We use the [Kotlin-Math library](https://github.com/romainguy/kotlin-math) to rely on a well-tested functions and get an advantage of using Kotlin operators for vector, matrix and quaternion operations too.

## Migration from Sceneform

You will have a little work to do if you are using the `ArFragment` in Sceneform. However, there is the [Deprecated.kt](https://github.com/SceneView/sceneview-android/blob/main/arsceneview/src/main/kotlin/io/github/sceneview/ar/Deprecated.kt) file to help you with the migration.

#### Using the migration suggestions

1. Remove the Sceneform import for the class you want to migrate.
2. Import this class from the `io.github.sceneview.ar` package.
3. Use `Alt+Enter`/the light bulb icon to view and apply the suggestions for replacing the deprecated method calls.

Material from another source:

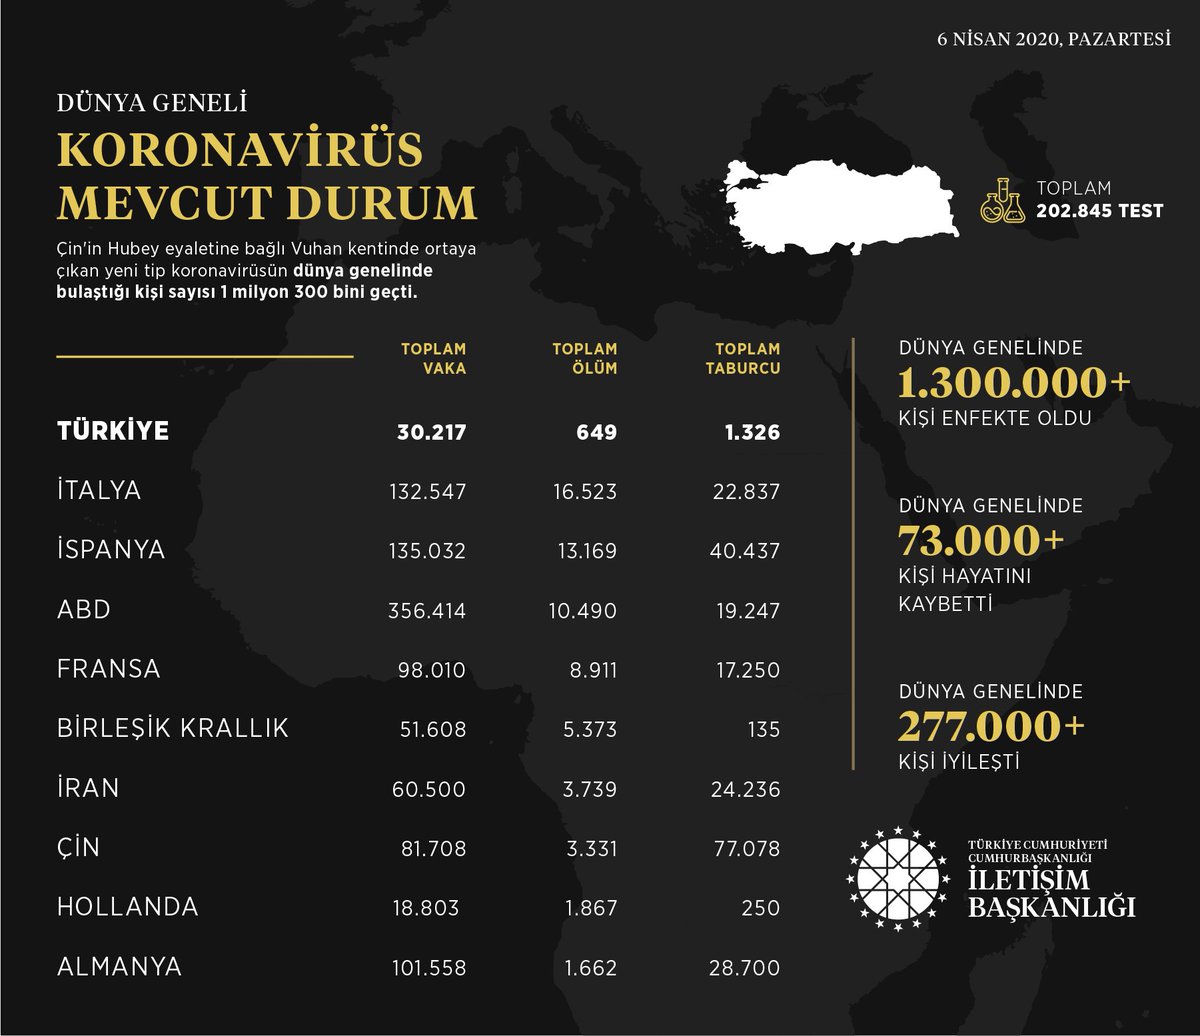 06 Nisan 2020, saat 21:45 itibarıyla Türkiye ve dünya genelinde yeni tip Koronavirüs ile ilgili mevcut durum: Türkiye’de şu ana kadar toplam 202.845 test yapılmış olup, 30.217 Koronavirüs vakası tespit edilmiş, 649 vatandaşımız hayatını kaybetmiş, 1.326 hasta iyileşmiştir.
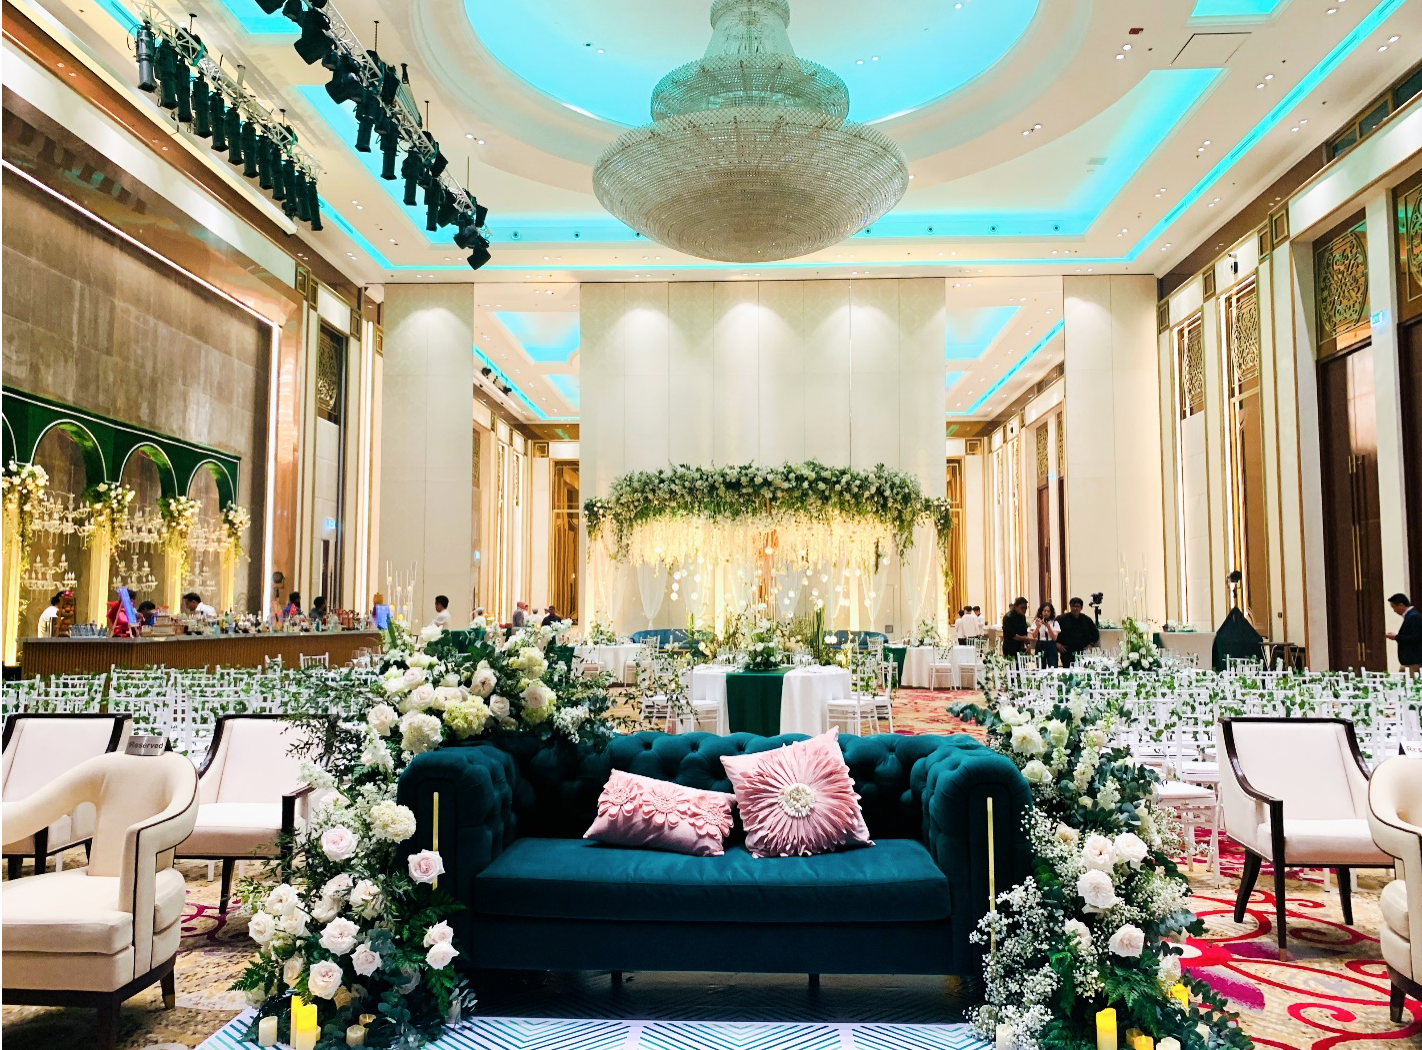 Không gian đại sảnh Grand Ballroom nơi tổ chức nghi lễ Sangeet của cô dâu và chú rể

After the migration you should get cleaner code and all of the benefits described in the [Features](#Features) section :tada:

#### Requesting the camera permission and installing/updating the Google Play Services for AR
This is handled automatically in the `ArSceneView`. You can use the `ArSceneView.onArSessionFailed` property to register a callback to be invoked when the ARCore Session cannot be initialized because ARCore is not available on the device or the camera permission has been denied.

#### Instructions for AR
The `InstructionsController` in the `BaseArFragment` has been replaced with the `Instructions` in the `ArSceneView`.

The `Instructions` use a `Node` that is a part of the scene instead of a `View`, as opposed to the `InstructionsController`. This provides more flexibility for customizing the instructions. The `Instructions` have the main `Node` that can be accessed through the `Instructions.infoNode` property.